Birthday of Daniel Chester French
Sculptor Daniel Chester French was born 160 years ago today.

It is difficult, if not impossible, to avoid the presence of Daniel Chester French in Washington, D.C.
The Lincoln Memorial, dedicated in 1922, contains French’s statue of Abraham Lincoln, which is possibly the most prominent portrait of the sixteenth president of the United States in the world. One might argue that the obverse of the Lincoln penny is a more widely distributed and more widely known image of Lincoln. However, the penny's reverse contains a micro-image of French's seated Lincoln within the larger memorial, and one cannot have the head of the penny without the tail, reinforcing the Lincoln Memorial's ubiquitous recognition.
Biographer Adeline Adams wrote of French:
No American sculptor has received a more general acclaim from his fellow countrymen. East and West, North and South, our cities possess sterling examples of his work. Columbia, Yale, Dartmouth, and Harvard have set the seal of their approval upon him by honorary degrees. Among the artistic professions, the glad recognition of his powers was from the first a matter of course. Suffice it to mention here his membership in the National Academy of Design, the American Institute of Architects, the American Academy of Arts and Letters, the National Sculpture Society. Of this last body, he was president for two terms, and from 1910 until his death (in 1931), honorary president. This society also chose him as the first recipient of its medal of honor, and he was among the first to receive the Architectural League's medal of honor in sculpture.

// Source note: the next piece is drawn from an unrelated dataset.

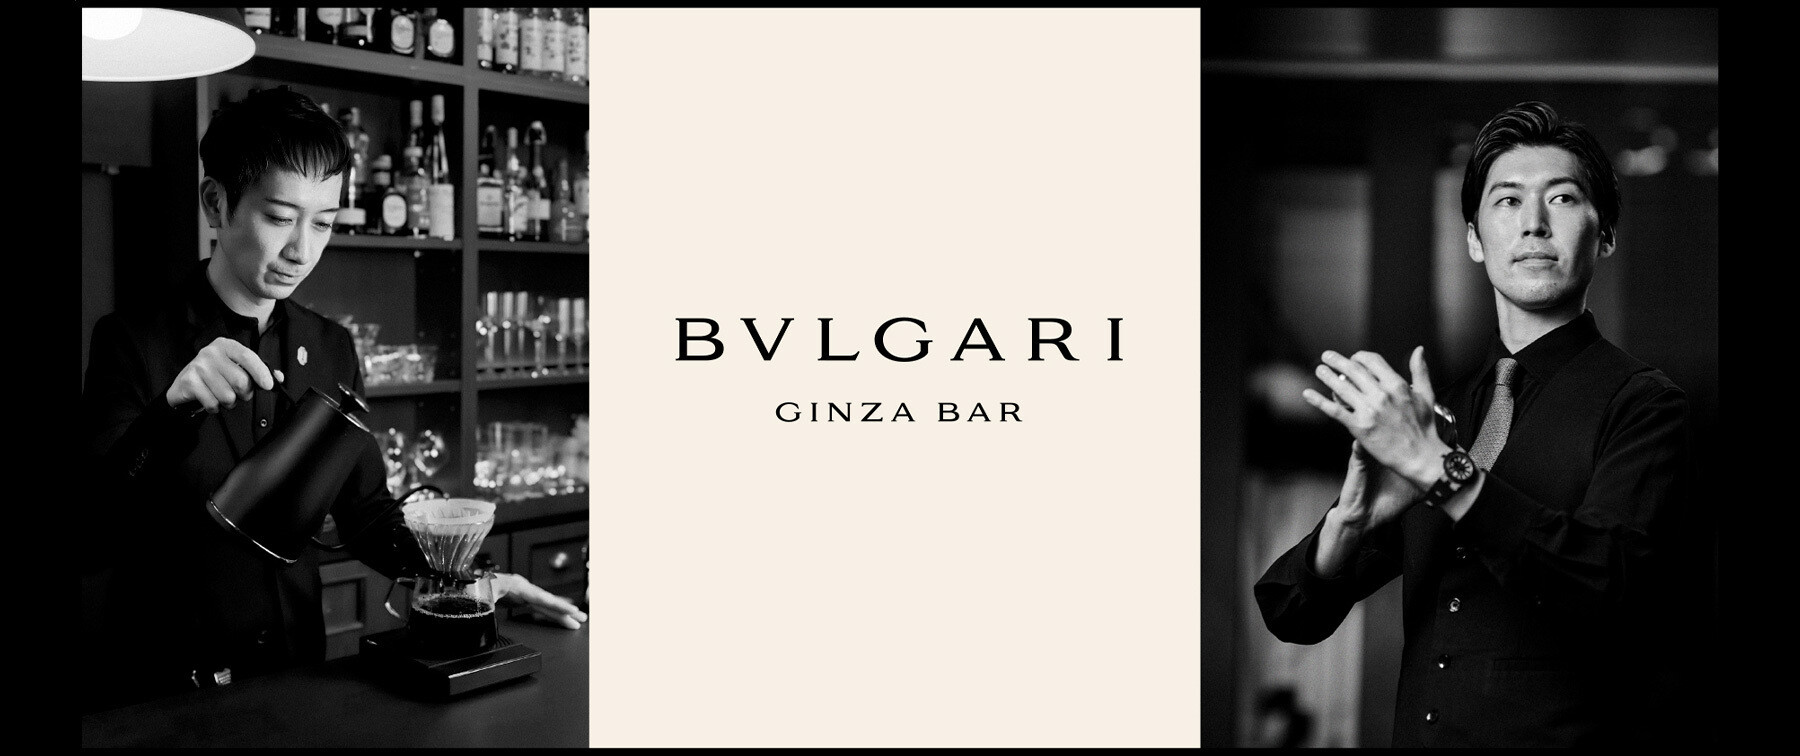 [5/24限定イベント]BVLGARI Ginza Bar & Mr.Fumiaki Nozato from ISTA COFFEE ELEMENTSのカバー画像

Although French's monument to Lincoln is certainly the greatest work for which he is known, it is only one work in a lifetime of sculpture. French was also the creator of memorials for Francis Parkman (Boston), Thomas Gallaudet (Washington, D.C.), and Ralph Waldo Emerson (Concord, Massachusetts), among many others. French's statue of the Minute Man (below) stands on the site of the Old North Bridge at Concord—with Lexington, the location of the first battle with the British in the American Revolution.

Cited:
Adeline Adams, Daniel Chester French: Sculptor (New York: Houghton Mifflin, 1932).